Perhaps that's why I enjoy working on microcontrollers and firmware. Yeah, there are potential CPU attacks on these, but it's much easier to manage mitigations, and these mitigations don't come with steep performance penalty trade-offs.

[pstuart]

Would the evolutionary approach be an advantage in allowing existing code bases to run with minimal modifications? So not perfect but safer than linux with minimal effort?

[nanolith]

I think that it's difficult to quantify whether X is safer than Y. Instead, we should look at what safety measures X or Y have in place, and whether these can be reasonably improved. Certainly, a single comment on a forum would do this topic a disservice.

OpenBSD has clearly been in the business of making small improvements with each release. This model has worked for them, but it has also been part of what makes them controversial. I trust OpenBSD for my personal servers and my travel laptop. I use it as a build target for my projects.

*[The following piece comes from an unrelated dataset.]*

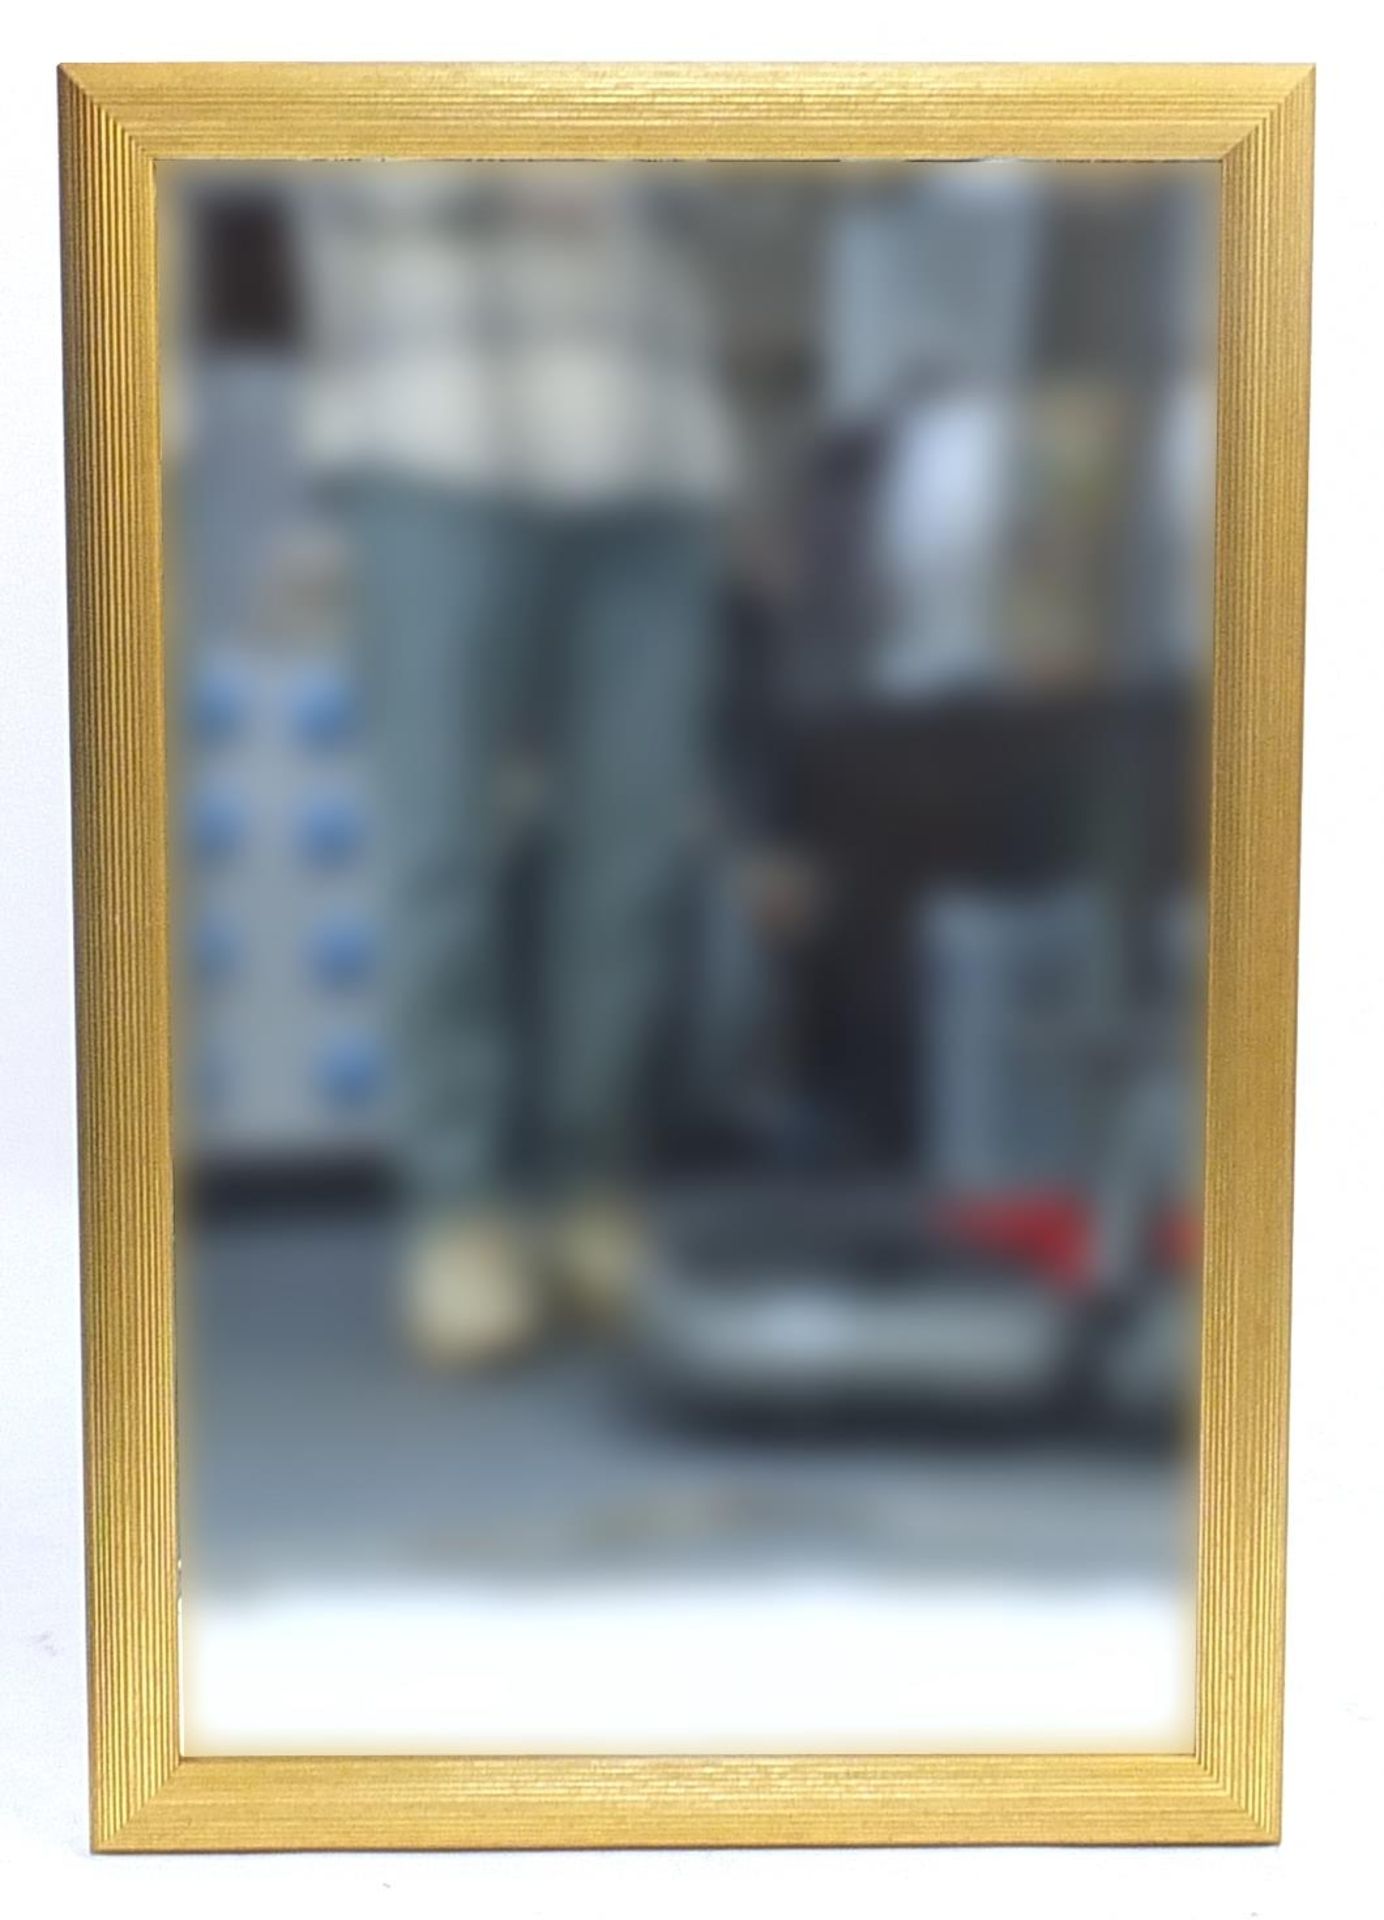 Rectangular gilt framed wall mirror with bevelled glass, 96cm x 64cm - Image 2 of 3
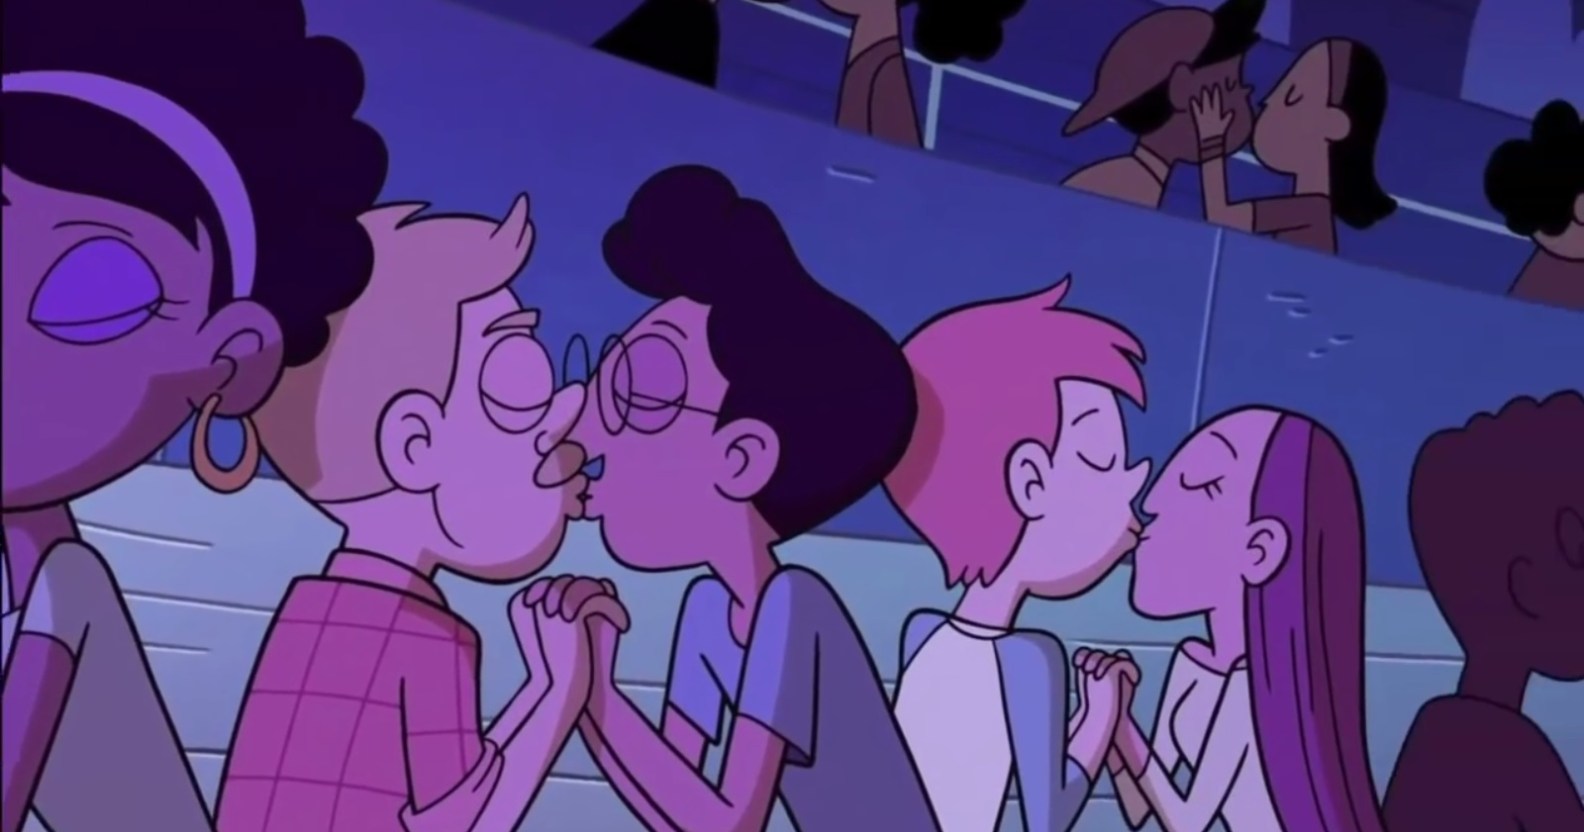 Disney XD cartoon Star vs. the Forces of Evil featured a subtle gay kiss

That being said, do I think that people should switch from Linux to OpenBSD? I wouldn't do this purely for security, because Linux has not been sitting still either. But, I think it's definitely a good idea to take lessons that OpenBSD has taught when configuring a Linux server: disable things you don't need, use the most aggressively secure options for services you provide, and add as much isolation between pieces that you can. Regardless of which OS you choose, you should spend time familiarizing yourself with what is required to harden the security for servers you make available with a public IP address.

OpenBSD's "secure by default" idea is great until you need to enable a service, which widens its attack surface. Doing this safely requires research and knowledge. In this way, I don't think that OpenBSD is much different than the average Linux distribution. I openly admit that I like OpenBSD, but I don't want to steer people the wrong way by claiming that they would be safer using it. In fact, blindly switching operating systems could make folks less safe, because they will probably use the new operating system incorrectly. Instead, study and experiment.